*** Opening of Provided data ***

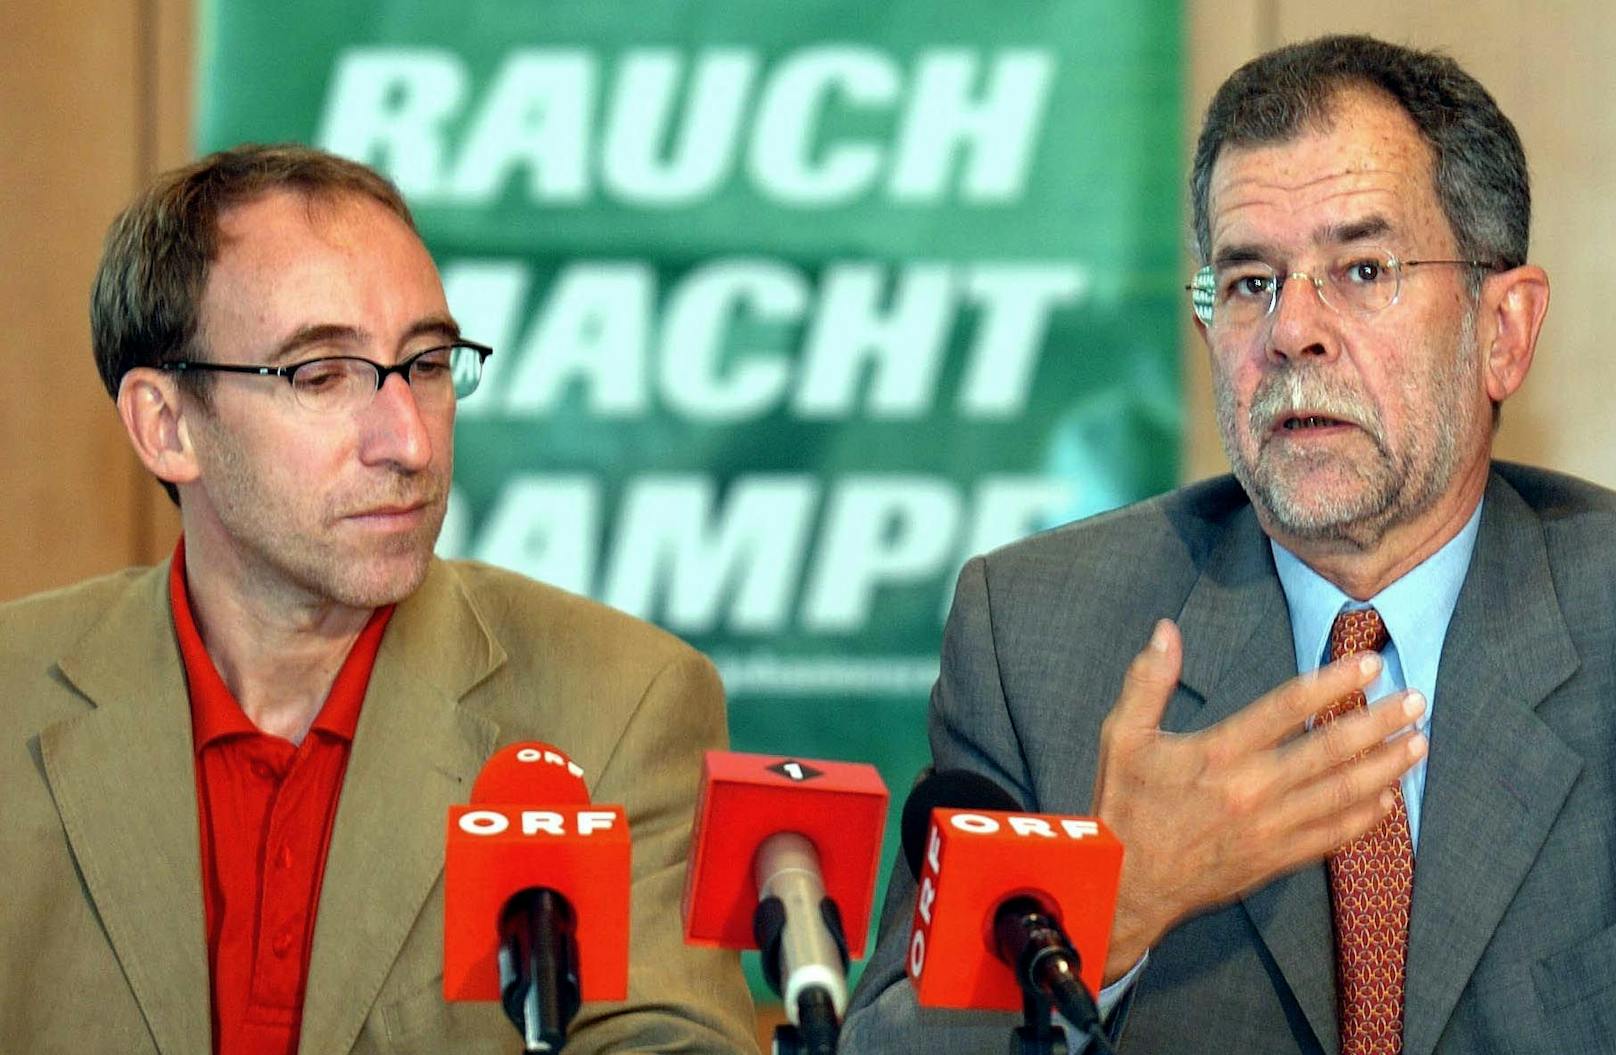 Archivbild: Der Spitzenkandidat der Vorarlberger Grünen für die kommende Landtagswahl Johannes Rauch und Bundessprecher Alexander Van der Bellen während einer Pressekonferenz am 8. September 2004 in Feldkirch. 
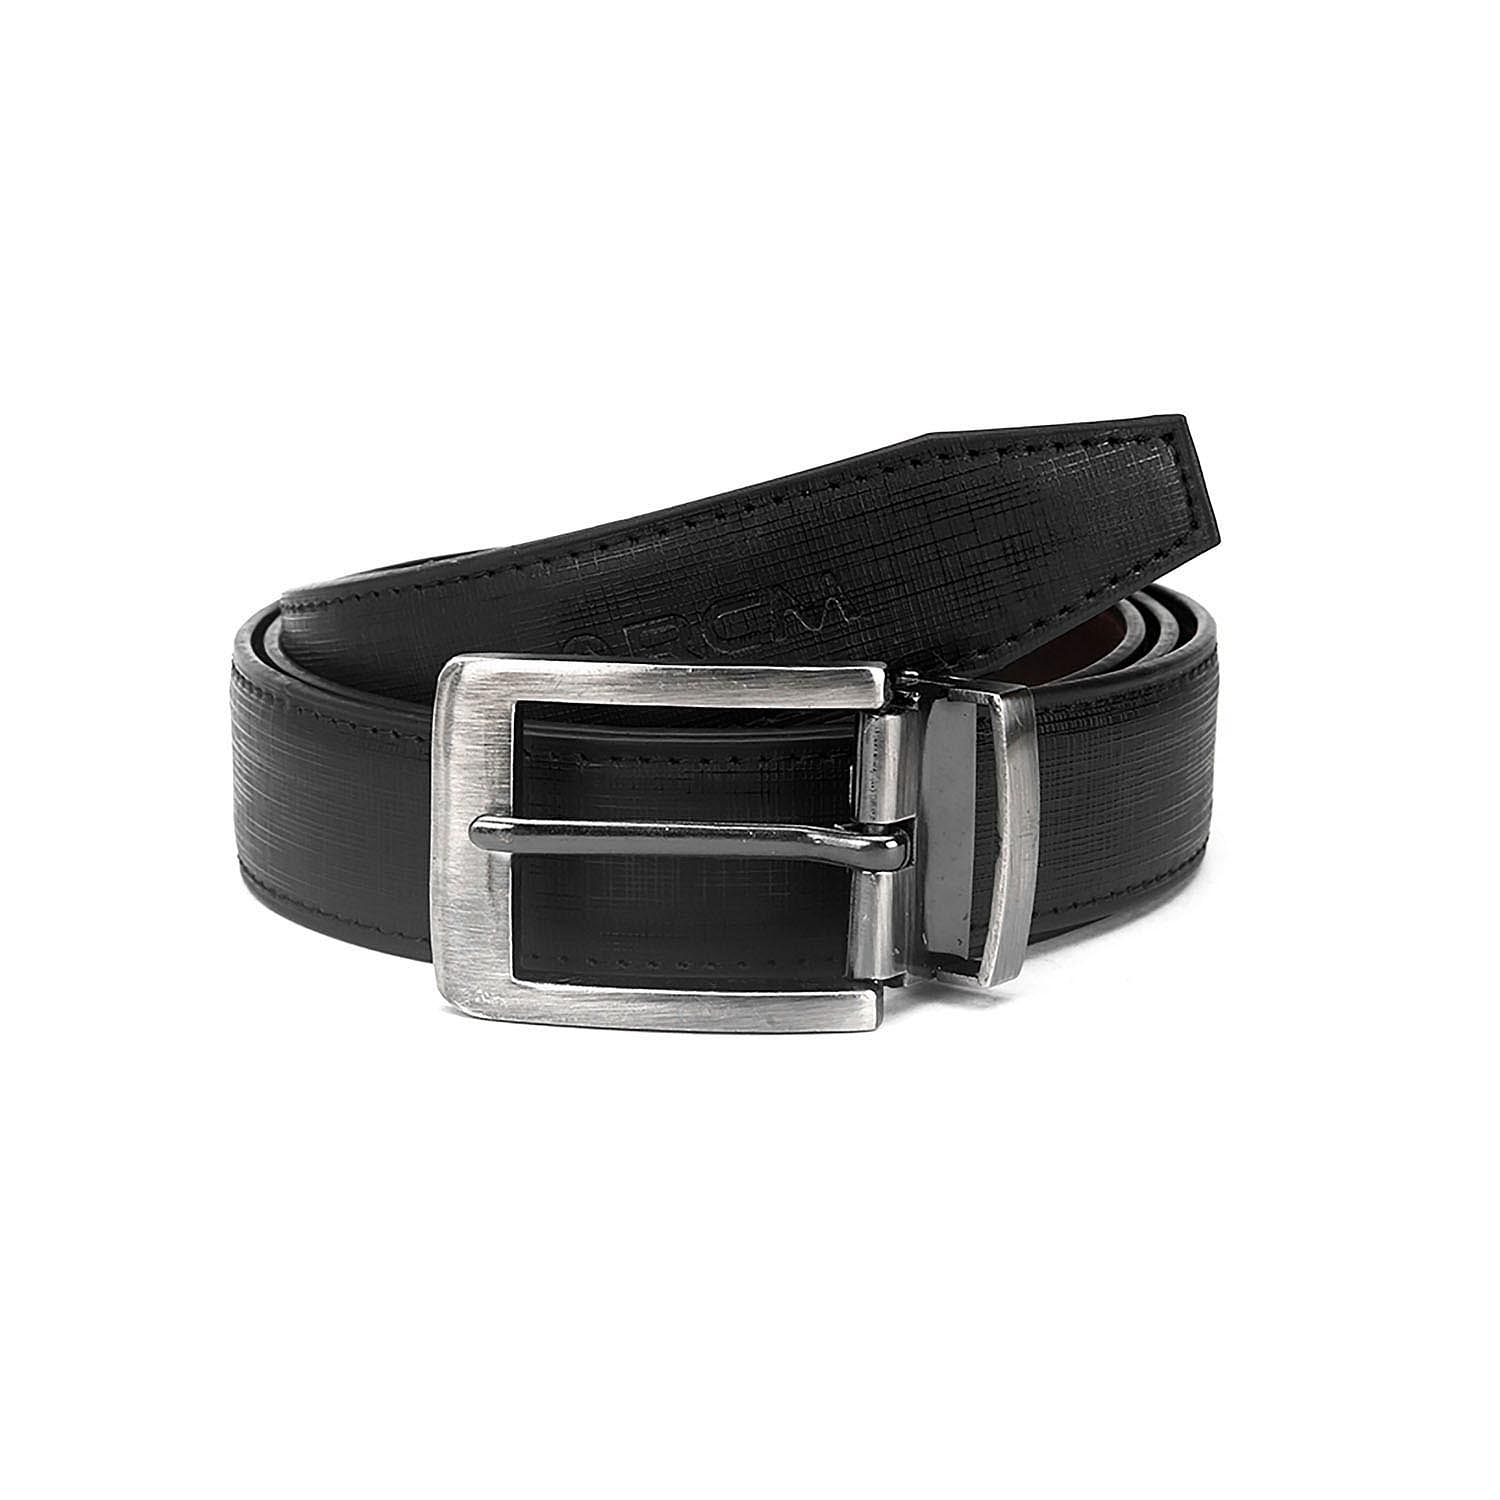 Men's Formal Belt with reversable Strap - FR-DB0008 - Black/Brown
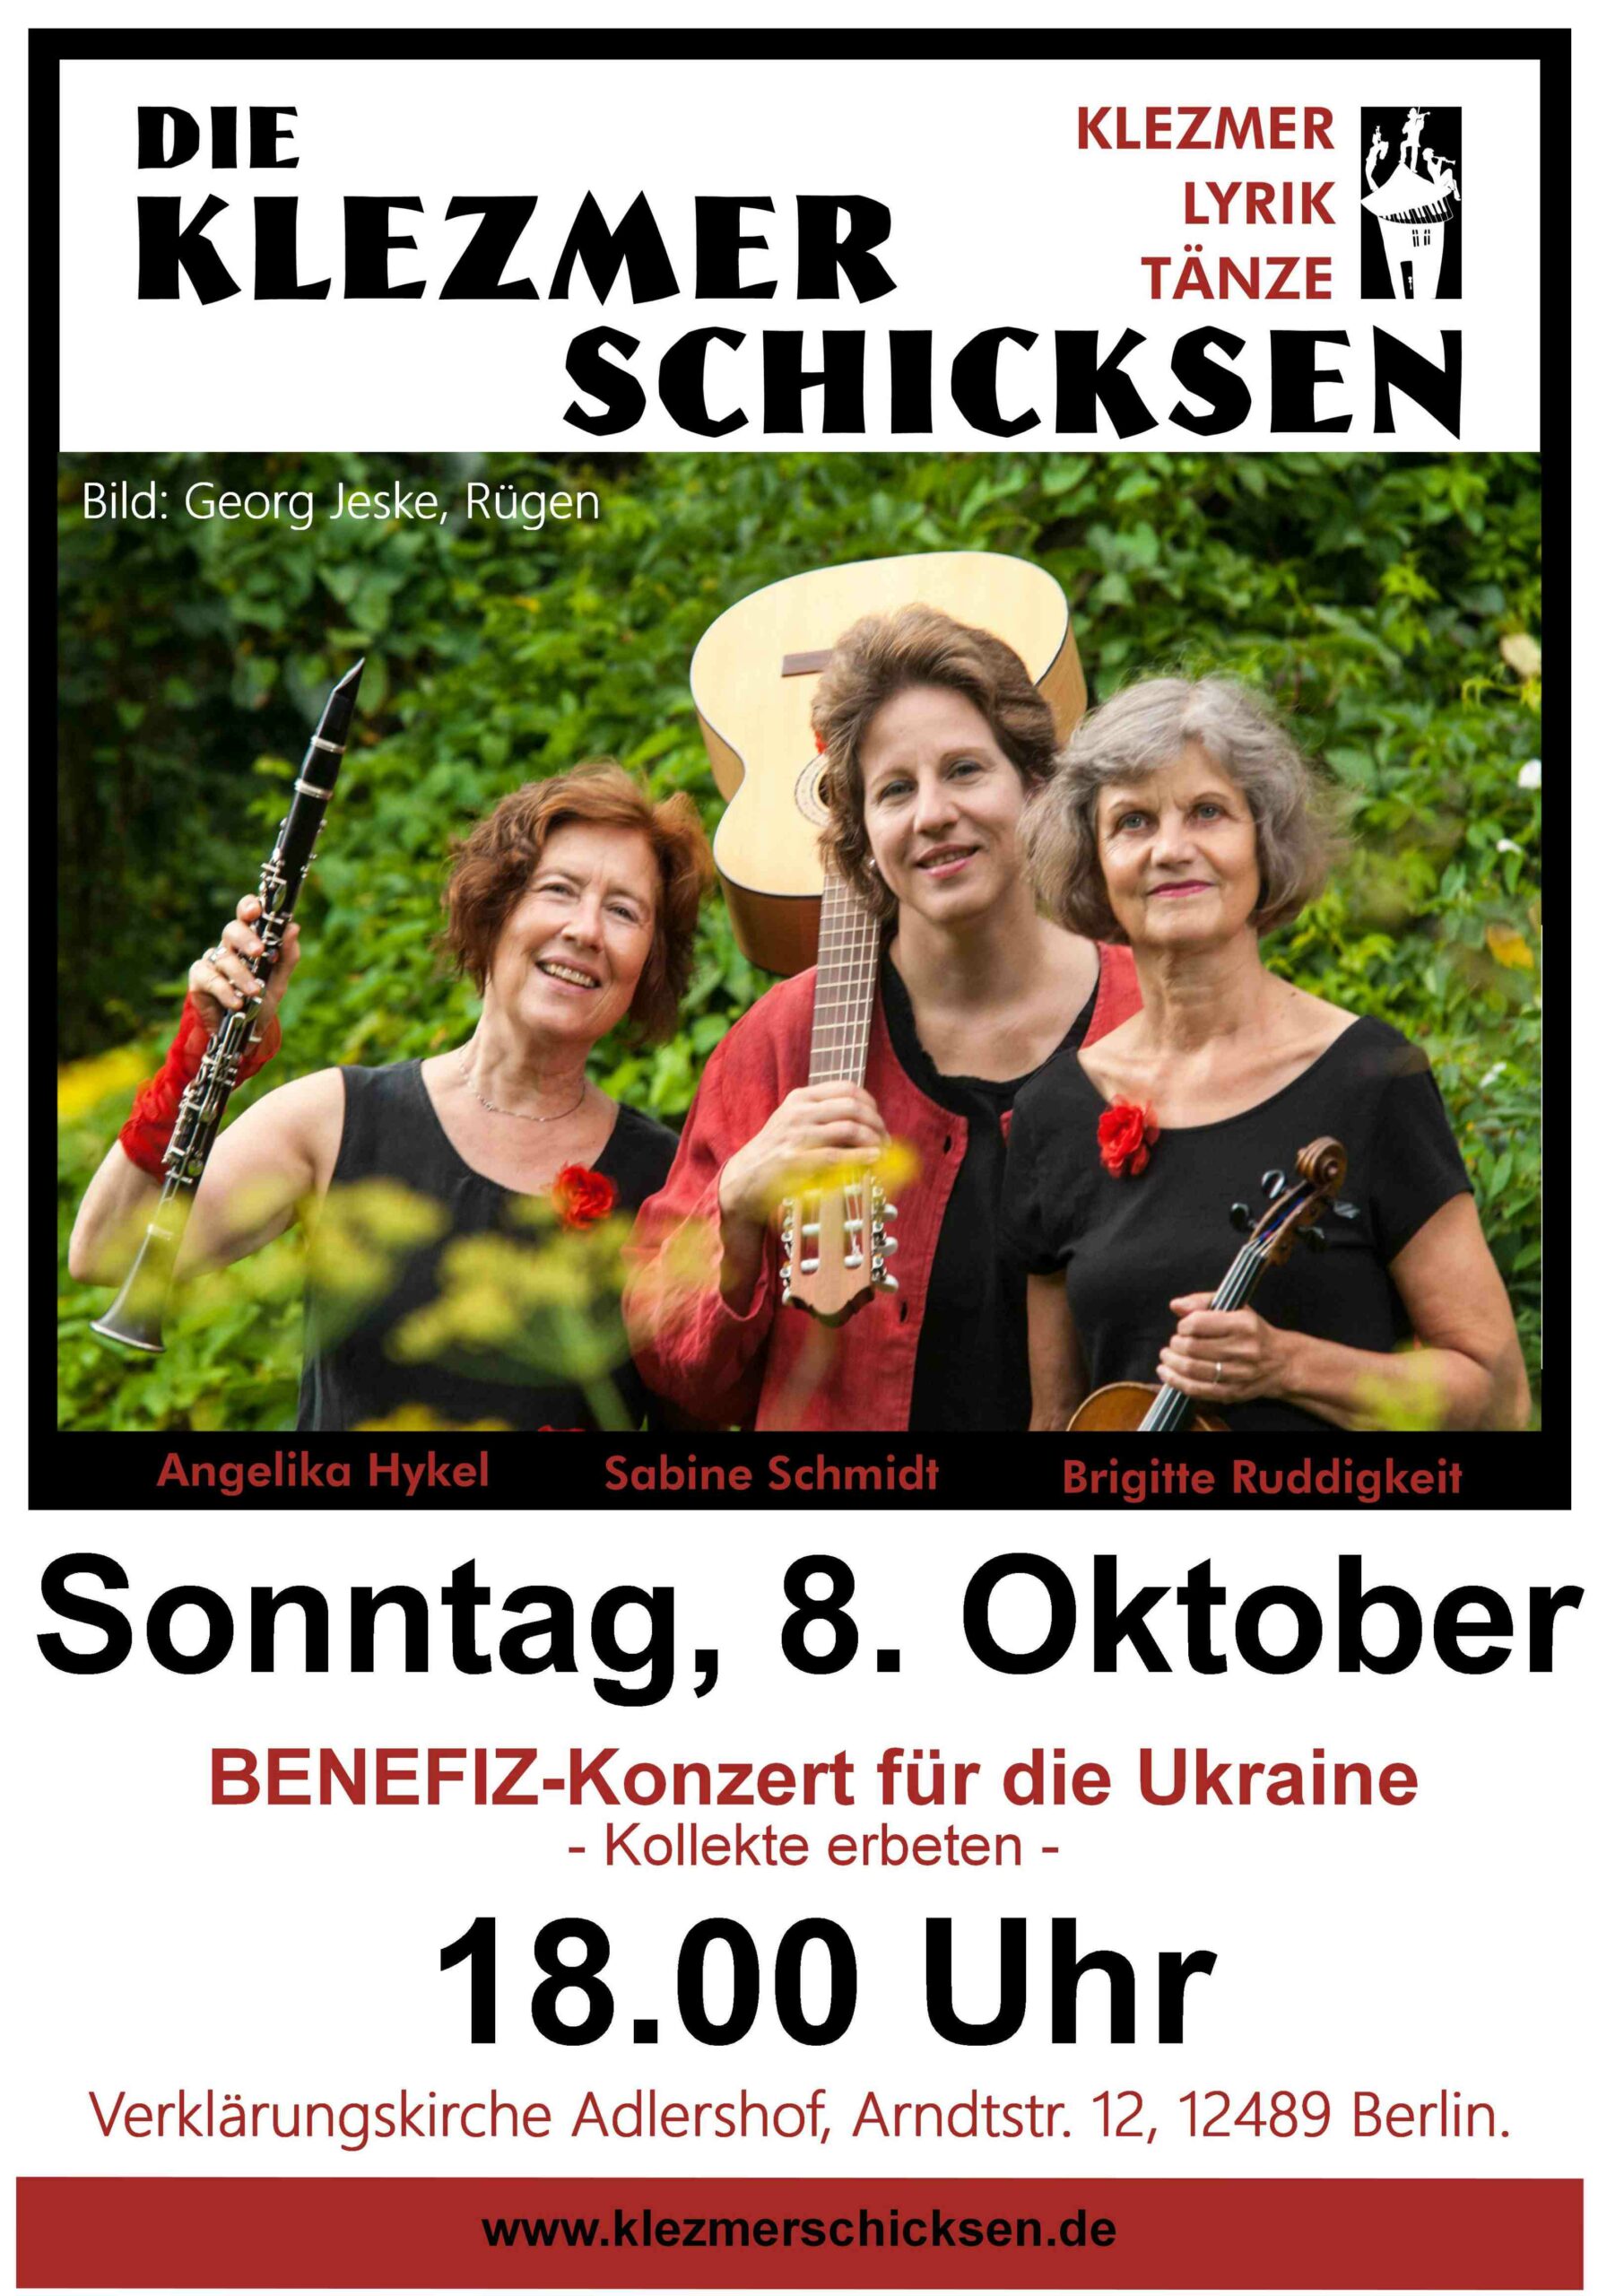 Konzert mit den "Klezmerschicksen" - Benefizkonzert zugunsten der Ukraine 18:00

*** Close of Provided data ***

Problem to work on:
What you should repeat exactly is the run of lines from the top of the listing above through the line with "Men's Formal Belt", without pictures.

Completed task:
 Archivbild: Der Spitzenkandidat der Vorarlberger Grünen für die kommende Landtagswahl Johannes Rauch und Bundessprecher Alexander Van der Bellen während einer Pressekonferenz am 8. September 2004 in Feldkirch. 
 Men's Formal Belt with reversable Strap - FR-DB0008 - Black/Brown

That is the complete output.